How Melting Temperature (Tm) Is Calculated

We use the SantaLucia 1998 Nearest-Neighbor Thermodynamic Model, which calculates Tm using this formula:

Tm=ΔHΔS+Rln(C)273.15T_m = \frac{\Delta H}{\Delta S + R \cdot \ln(C)} - 273.15

Where:

  • ΔH and ΔS are summed over each dinucleotide pair (e.g. AA/TT, GC/CG)
  • R is the gas constant
  • C is strand concentration

This model is used by Tm_NN() from Biopython:

from Bio.SeqUtils.MeltingTemp import Tm_NN
Tm_NN("ATGCGTACGTAGCTAGCTA")

How to Use

  1. Run the script:
python primer_design.py --fasta pET28a_Melittin_clean.fasta --amplicon_length 500
  1. The script will:
    • Slide a 500 bp window along the DNA
    • Scan for forward/reverse primers at the window edges
    • Return the first pair with valid Tm
  2. Output:
    • Primer sequences
    • Positions
    • Melting temperatures
    • Amplicon boundaries

Challenge 3: Simulating a Robotic Pipetting Protocol

GitHub repo: Embed GitHubEmbed GitHub

We are basically diluting samples to reach a specified quantitative value: 20 ng/µL, but total volume ≤ 50 µL. This one was really, really simple. Improvement can be made based on the complexity of input sample data, but the challenge called for a simple CSV.

image

What It Does

In molecular biology labs, normalizing DNA concentrations across 96 samples is a common task—especially before pooling for sequencing. Robots usually handle this, but they need instructions.

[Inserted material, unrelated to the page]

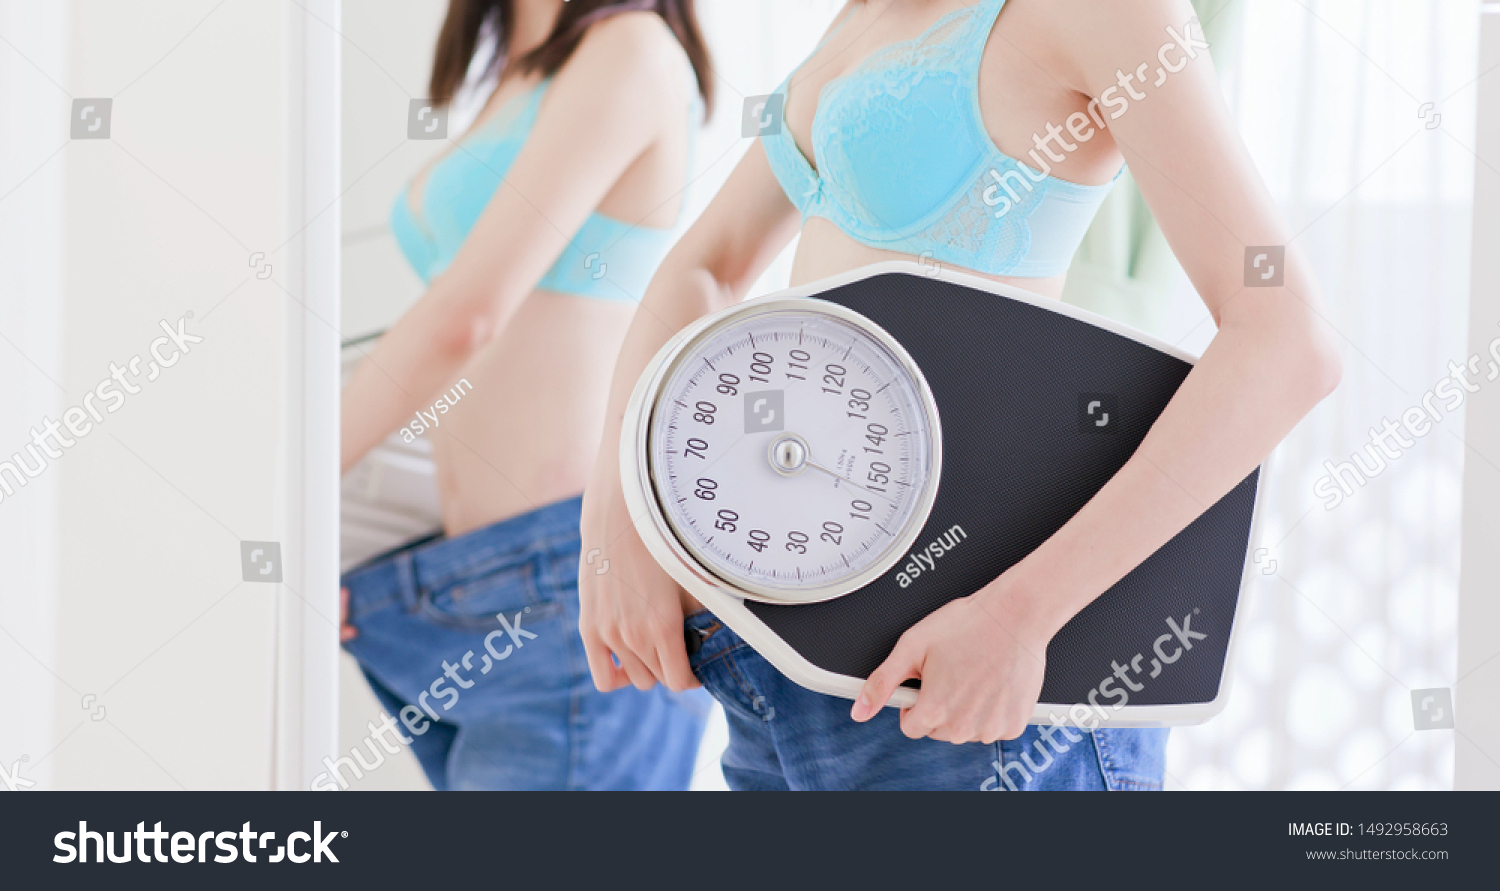 Girl lose weight successfully and show her big jean before in front of mirror with scale #1492958663

This script calculates how much sample and water to pipette to reach a final concentration of 20 ng/µL, based on measured DNA concentrations per well.

Inputs & Outputs

Input:

  • CSV with sample IDs and measured concentrations (e.g., 45.7 ng/µL)

Output:

  • New CSV with pipetting instructions:
    • Volume of DNA sample (µL)
    • Volume of water (µL)
    • Rounded to nearest 0.1 µL
    • Max total volume = 50 µL

Why It Matters

This kind of script saves hours in the lab and reduces pipetting errors. It’s trivial for a computer, but error-prone when done manually—especially at scale.

If sample concentration = 40 ng/µL, to reach 20 ng/µL in 50 µL:

Sample volume = 25 µL
Water volume = 25 µL

The script outputs that automatically for all 96 samples. You can imagine this happening, but at scale, with tens of millions of robots serving tens of billions of people.

Next Steps

  • Integrate with a real robot's CSV format
  • Add error checking for low-concentration edge cases
  • Simulate batch pooling for NGS workflows

Final Thoughts

This was a quick one, but even small scripts like this can become part of much larger automation pipelines in biotech. If you're working in a wet lab, automating these tasks is entirely about leverage and predictability.